While a drop in petroleum prices was expected to bring imports down, noted Michael Dolega, an economist with TD Economics, "The unexpected part was the increase in exports, with the European trade balance improving on increased exports and decreased imports. However, Europe-bound exports are likely to remain under pressure as the region appears to have entered a shallow recession and the greenback continues to appreciate – with the currency gaining 2.1% vis-à-vis the euro and 1.4% in broad trade-weighted terms in June following strong gains in the previous month."

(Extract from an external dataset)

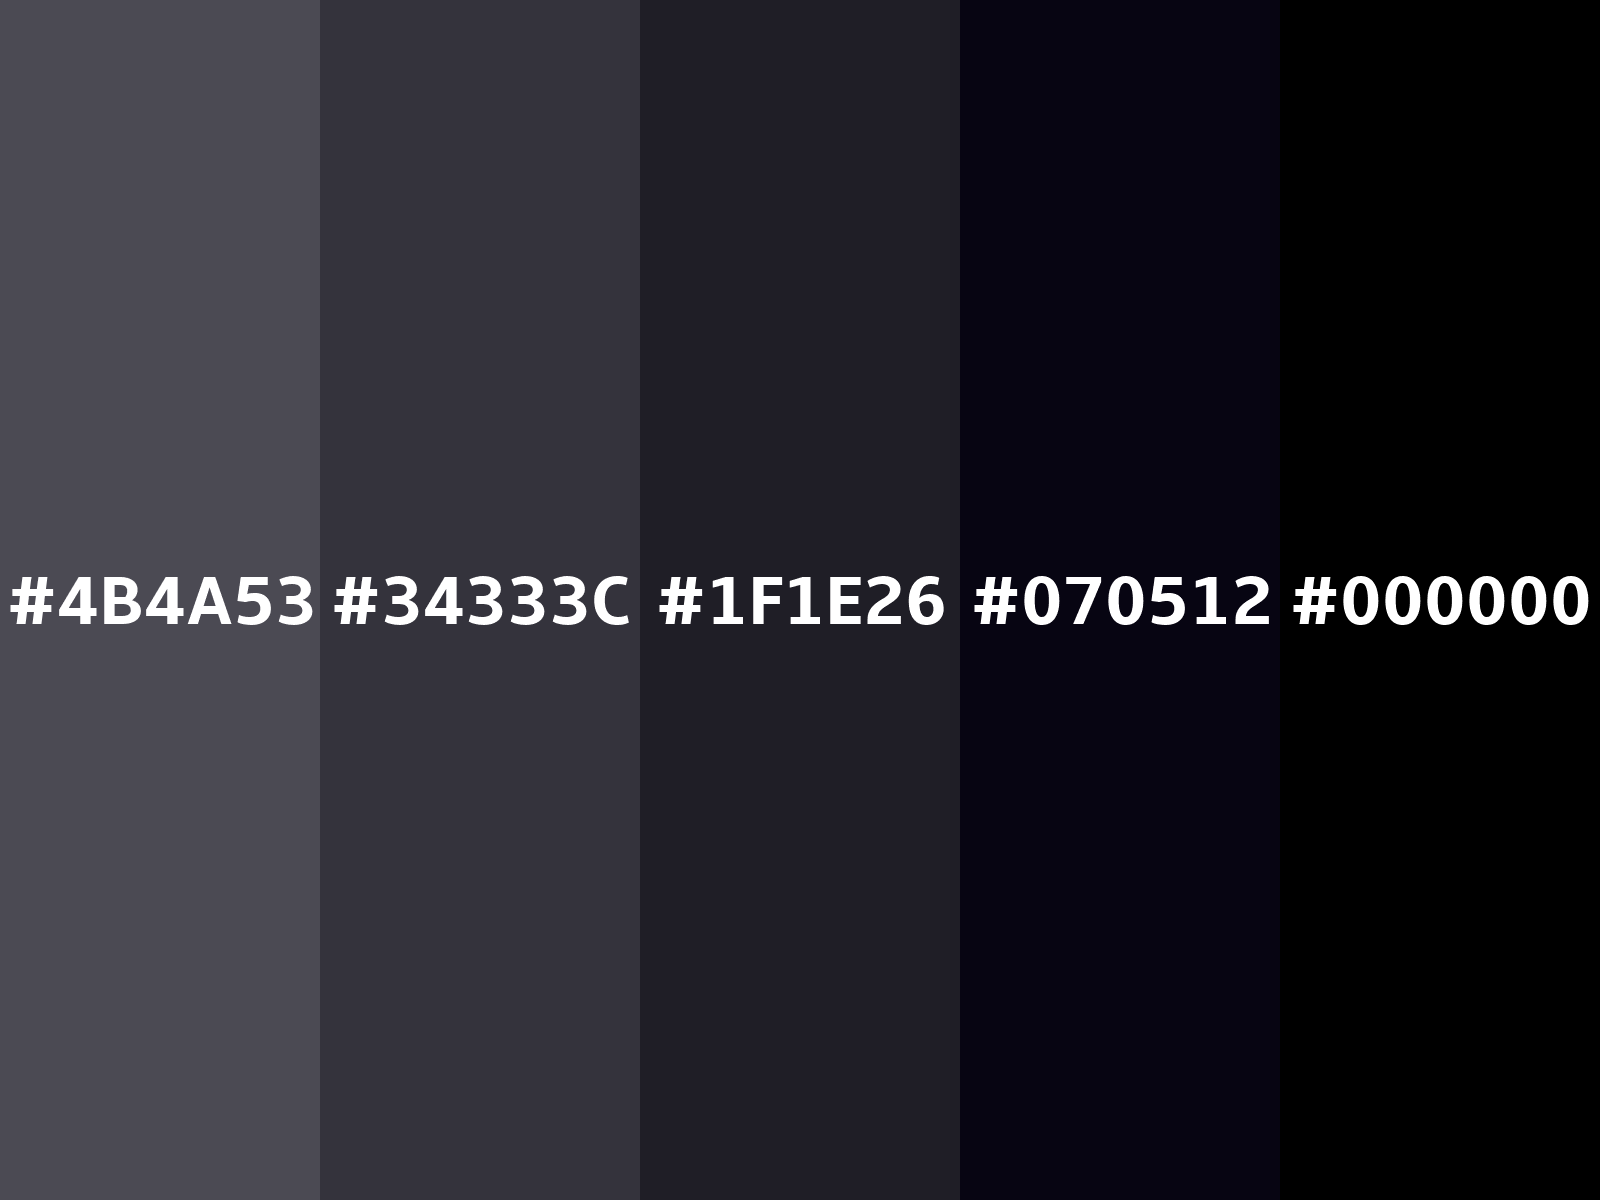 Mã hex màu nền 4B4A53 được thiết kế để tạo nên một không gian đầy cá tính và năng động. Hãy cùng xem hình ảnh được đính kèm để chiêm ngưỡng sự phối hợp hoàn hảo của màu sắc này cho dự án của bạn.

Leading the increase in exports were consumer goods ($0.9 billion); automotive vehicles, parts and engines ($0.7 billion); industrial supplies and materials ($0.6 billion); capital goods ($0.2 billion) and other goods ($0.2 billion). Exports of foods, feeds and beverages fell $0.8 billion.

The May to June decrease in goods imported into the United States was led by industrial supplies and materials ($2.3 billion); capital goods ($1.3 billion); and automotive vehicles, parts and engines ($2.0 billion).

Exports of advanced technology products were $26.5 billion, an increase of $1.8 billion from May. However, imports were $33.7 billion, a slight increase from May.

U.S. Business and Industry Council Research Fellow Alan Tonelson warned that despite the lower overall deficit, "the manufacturing-dominated U.S. merchandise deficit with [China] actually increased in June – by 5.21% – from $26.04 billion to $27.40 billion.  Even worse, U.S. merchandise exports to China sank by 4.27% – from $8.90 billion to $8.52 billion."

"Slower growth in China has hurt our exports, but so has the fact that China's currency has lost value this year," said Scott Paul, executive director of the Alliance for American Manufacturing. "It's clear we need a bolder strategy with China on its currency and subsidies, which are significant threats to the jobs recovery we have seen in manufacturing."  

From June 2011 compared to June 2012, the U.S. trade deficit decreased $7.4 billion. Exports were up $12.3 billion, while imports increased $4.9 billion.